🤖 AI Summary
This study addresses the critical challenge of timely fault detection in power systems, where undetected failures can lead to substantial financial risks. The authors propose a novel online detection method grounded in parametric quickest change detection (QCD) theory, leveraging only publicly available electricity market data streams—specifically demand and price signals. By employing multiparametric programming, the approach extracts parametric random variables with known probability densities from complex market observations, enabling the construction of a likelihood ratio statistic for rapid fault identification. This work represents the first integration of parametric QCD with multiparametric programming, eliminating the need for internal grid information.
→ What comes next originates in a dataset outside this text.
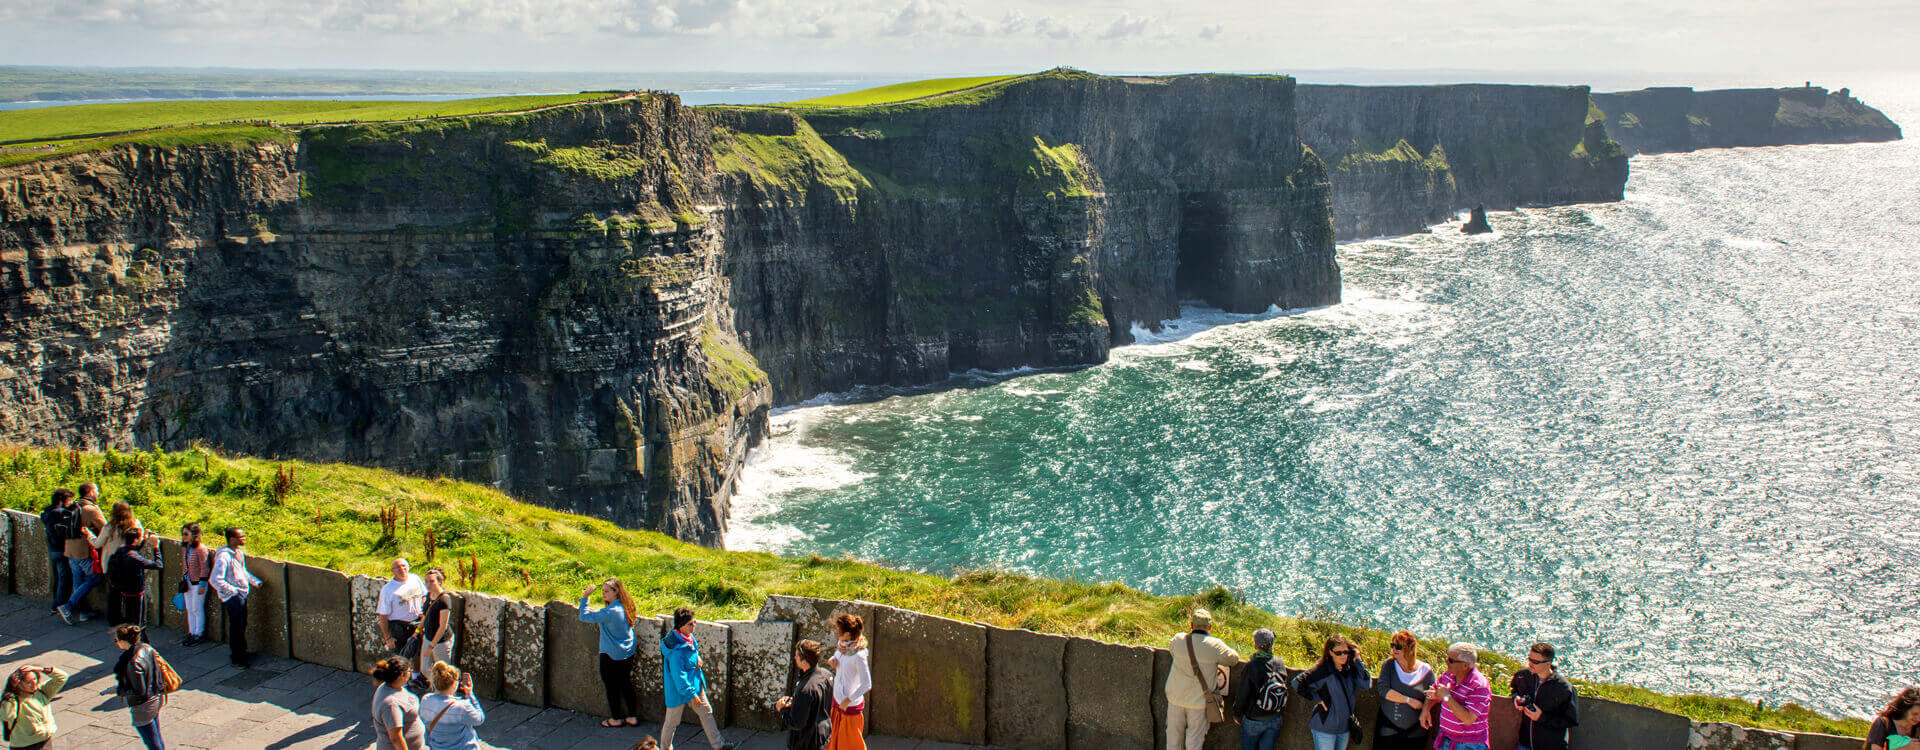 Irish Day Tours To Cliffs Of Moher And Galway

Empirical validation on the PJM real-world platform demonstrates the method’s high accuracy and low detection latency in identifying transmission line faults.
📝 Abstract
Power system outages expose market participants to significant financial risk unless promptly detected and hedged. We develop an outage identification method from public market signals grounded in the parametric quickest change detection (QCD) theory. Parametric QCD operates on stochastic data streams, distinguishing pre- and post-change regimes using the ratio of their respective probability density functions. To derive the density functions for normal and post-outage market signals, we exploit multi-parametric programming to decompose complex market signals into parametric random variables with a known density. These densities are then used to construct a QCD-based statistic that triggers an alarm as soon as the statistic exceeds an appropriate threshold. Numerical experiments on a stylized PJM testbed demonstrate rapid line outage identification from public streams of electricity demand and price data.